Why So Many?

We’re still in the early days of cryptocurrency, and there’s a lot of weeding out that will happen. Cryptocurrencies are plentiful because they’re new, trendy, easy to create, and relatively unregulated – especially at the global level.

It’s also important to note that there are many different categories or types of cryptocurrencies.

For example, some are intended to serve as a global currency for mainstream transactions and investments. Within that category, we also have stablecoins, cryptocurrencies that are tied to a fixed asset (like a national currency or a commodity), which theoretically protects them and their holders from extreme price fluctuations.

Other cryptocurrencies are “project tokens” tied to specific DeFi platforms to provide ownership stakes and as a tool for governance within those spaces.

Still, others are considered “meme coins,” designed and marketed as trendy, serving primarily as speculative investments.

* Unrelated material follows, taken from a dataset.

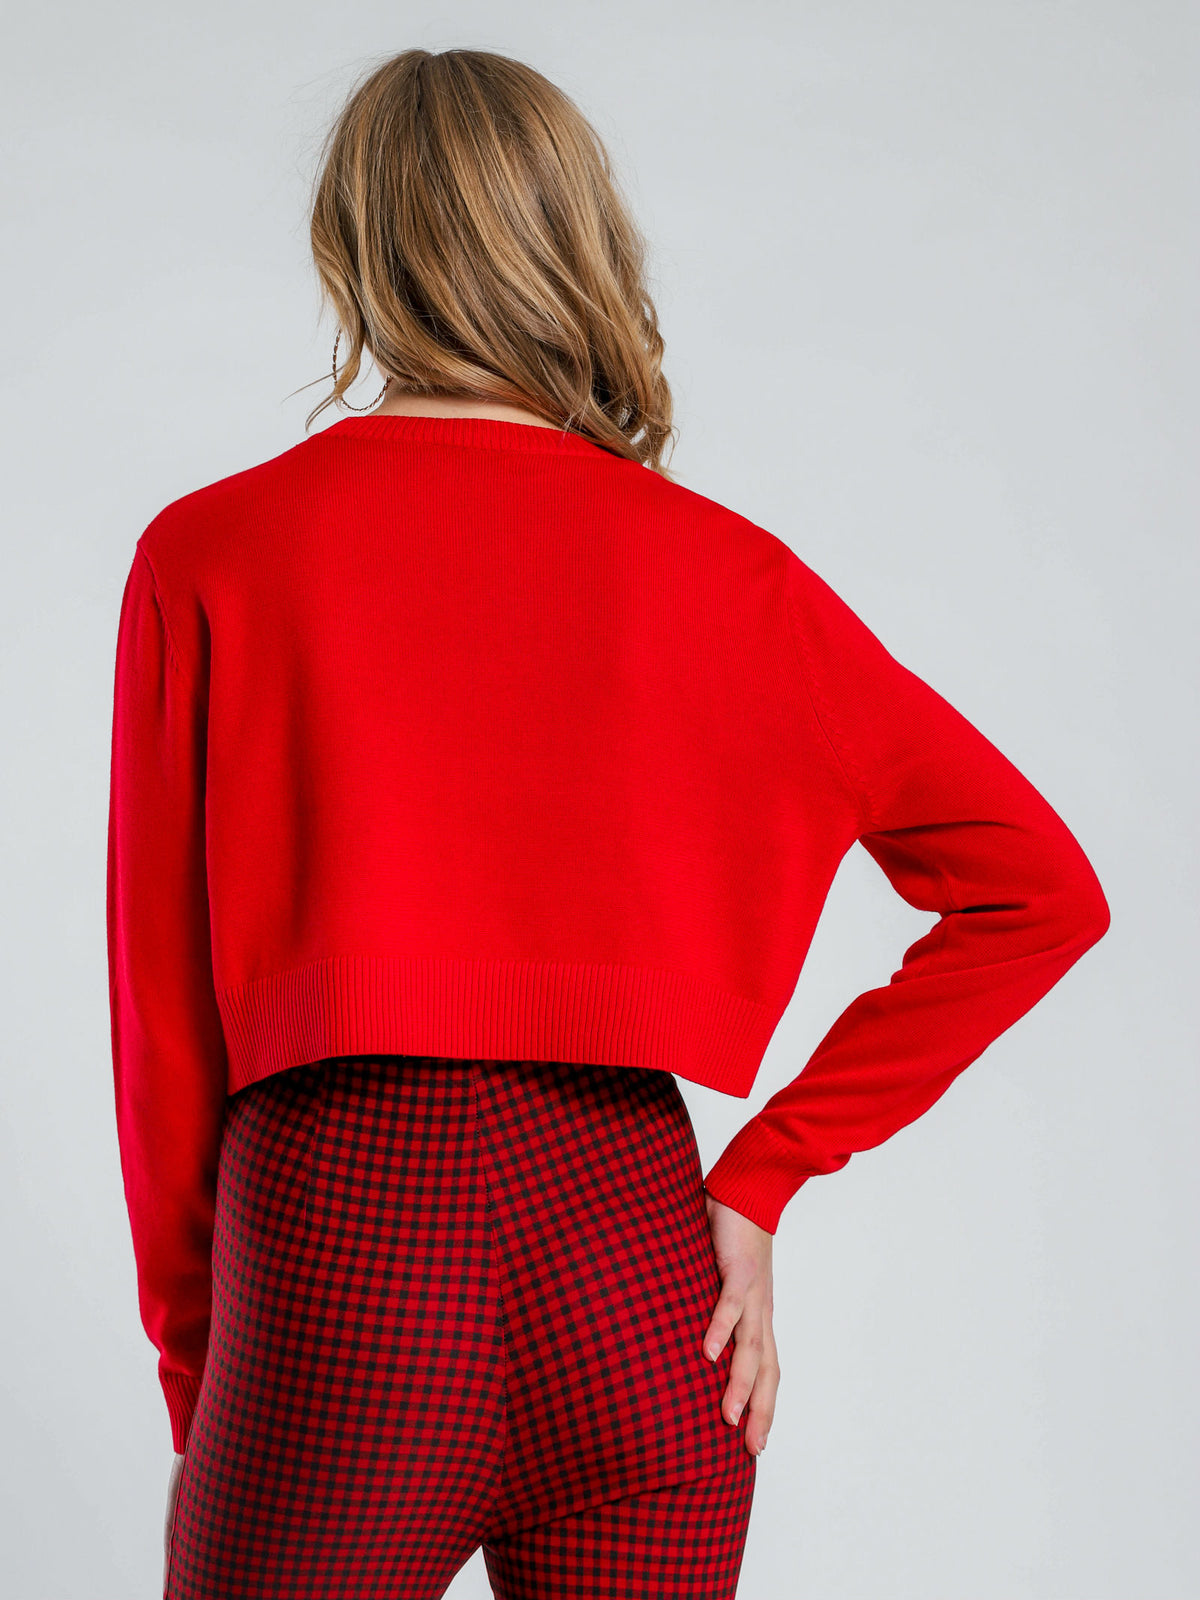 Lonely Hearts Knit Jumper in Red

Moving forward, all of these types of cryptocurrencies will continue to be offered, but many individual ones will fail, putting a damper on the impulse to start new ones.

How to Choose

Here are some of the common approaches people will use to evaluate a cryptocurrency, regardless of the category:

  1. Check the market listing and review data points such as Project Ranking, Market Cap, Price History, Trading Volume, Liquidity, Circulation Supply, Total Supply, Today’s Price.
  2. Visit the Website for information about who’s on the Team (founders, executives, developers, partners, advisors), Roadmap, Vision, Investors, and Tokenomics.
  3. Assess the cryptocurrency’s White Paper and review its information related to Objectives, Details on open-source code, Target Demographic, Roadmap, Tokenomics, and Distribution Scheme.
  4. Review the cryptocurrency’s social media profiles and commentary (especially on Twitter, Telegram, Reddit, and LinkedIn) to get a feel for the experience.
  5. Understand the utility and use case.
  6. Check for scam alerts.
  7. Assess the competing cryptocurrencies in that space.

Learning from History

In fact, roughly 1,000 cryptocurrencies have failed or were ended by their owners, including OneCoin, BitConnect, GetGems, SpaceBIT, and The DAO.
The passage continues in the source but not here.